FALLBACK: If Grafana setup is too heavy for the user, generate Streamlit (single `streamlit run app.py`).

============================================================
=== PHASE 6: README & DEPLOYMENT NOTES ===
============================================================

Write `README.md` with:

- One-paragraph summary of what the pipeline does.
- Quickstart: `docker-compose up && python -m src.ingest.mock_source && open http://localhost:3000`.
- Formula reference table (so non-engineers can audit calculations).
- How to swap the mock source for the real PLC/MQTT/OPC-UA source.
- Industry context: "Deploy OEE first as foundation. Layer predictive maintenance as a 12-24 month follow-on. ROI for OEE alone is typically 9-18 months." [cite: 2026 TeepTrak deployment guide]
- Known limitations (if any from PRE-FLIGHT gaps).

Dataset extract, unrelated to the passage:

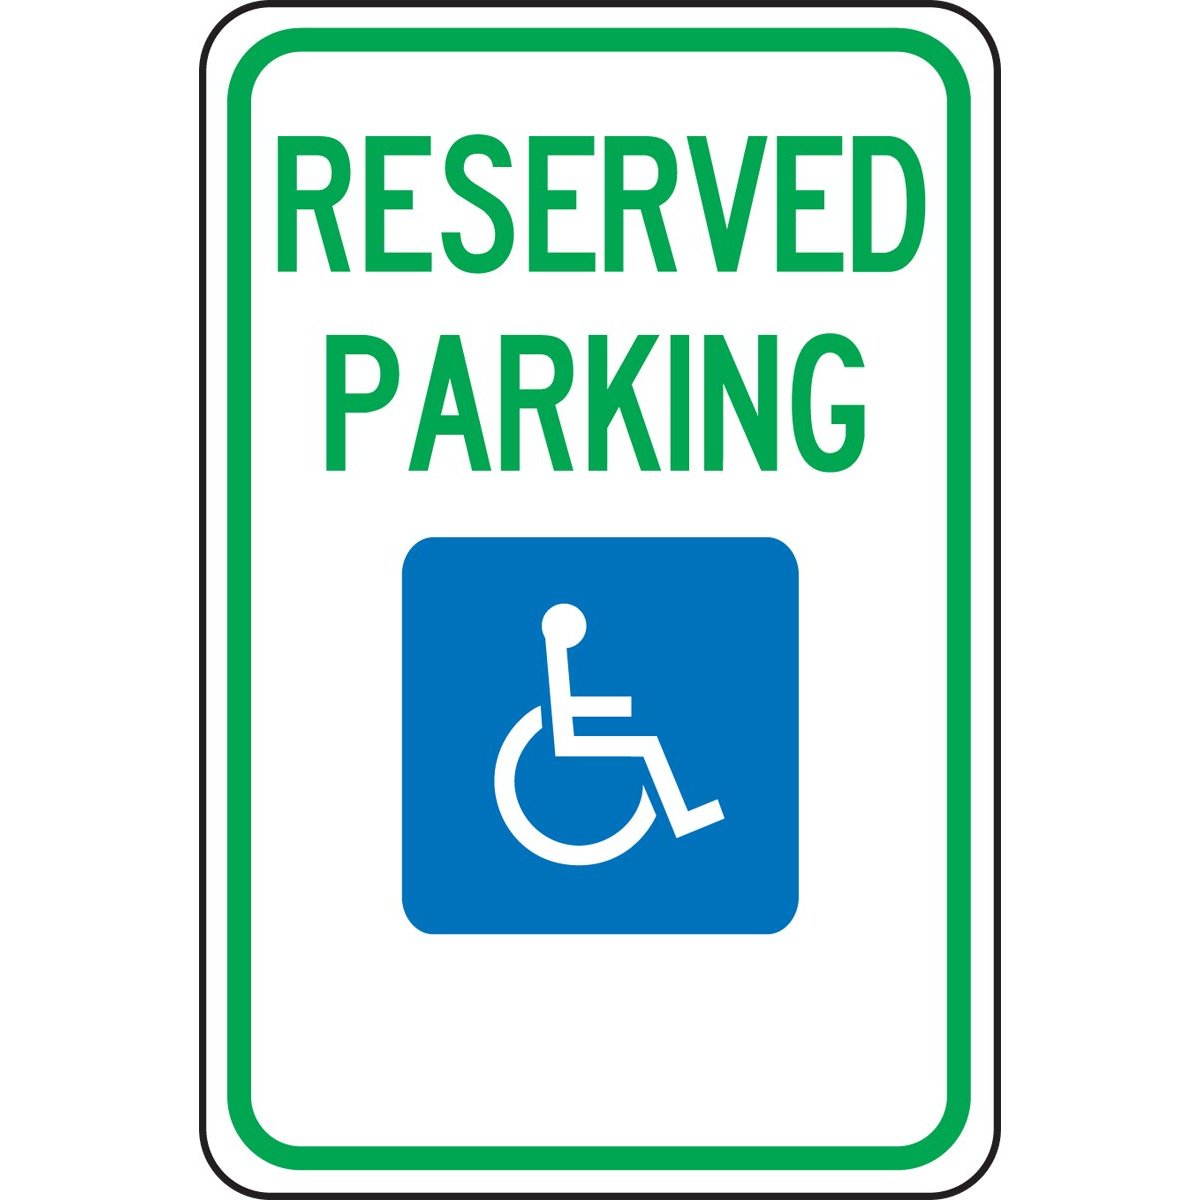 Handicapped Parking Symbol   Clipart Best

VALIDATION: README quickstart actually works on a fresh machine.

============================================================
=== SELF-REVIEW ===
============================================================

Score each dimension 1–5:

- **Complete**: Does the pipeline ingest real or simulated data, compute OEE correctly per ISO 22400-2, categorize the Six Big Losses, and render a usable dashboard?
- **Robust**: Does the calc handle microstops, divide-by-zero, P>1.0 clamp, partial shifts? Does the ingestion reconnect on failure?
- **Clean**: Is the code formatted (black/ruff for Python), typed (mypy/pyright clean), and free of unused stubs?
- **Industry-credible**: Would a controls engineer / continuous improvement engineer recognize the terminology and formulas as correct? (This is the killer dimension — wrong formulas destroy trust instantly.)

If any < 4:

- Identify the specific gap. Most common gap: Performance formula uses average cycle time instead of ideal cycle time → silently inflates OEE. Fix and re-test.
- If a gap is genuinely unfixable in this run (e.g., the user can't provide ideal cycle time), note it in the README under "Known Limitations" with a clear remediation path.

============================================================
=== LEARNINGS CAPTURE ===
============================================================

After completing, append to `~/.claude/skills/oee-pipeline/LEARNINGS.md`:

## <YYYY-MM-DD> — <site/line/protocol context, e.g., "CNC mill, Sparkplug B">

- **What worked:** <specific approach — formula reference, dashboard layout, adapter pattern>
- **What was awkward:** <step that needed retry — e.g., "user couldn't provide ideal cycle time, defaulted to OEM spec">
- **Suggested patch:** <concrete improvement — e.g., "add pre-flight question for whether MES data already exists">
- **Verdict:** [Smooth / Minor friction / Major friction]

============================================================
=== STRICT RULES ===
============================================================

- Never invent formula variants. Use ISO 22400-2 conventions or cite an explicit alternative.
- Never hardcode credentials or broker URLs. Externalize via env vars.
- Never claim a number you didn't calculate from real or mock data. The dashboard MUST be backed by the calc engine, not by static placeholders.
- Never skip the Six Big Losses categorizer. Total OEE without the loss breakdown is the most common failure mode — it tells management things are bad without telling engineers what to fix.
- If the user has an existing OEE platform, do NOT regenerate the pipeline — recommend a connector instead.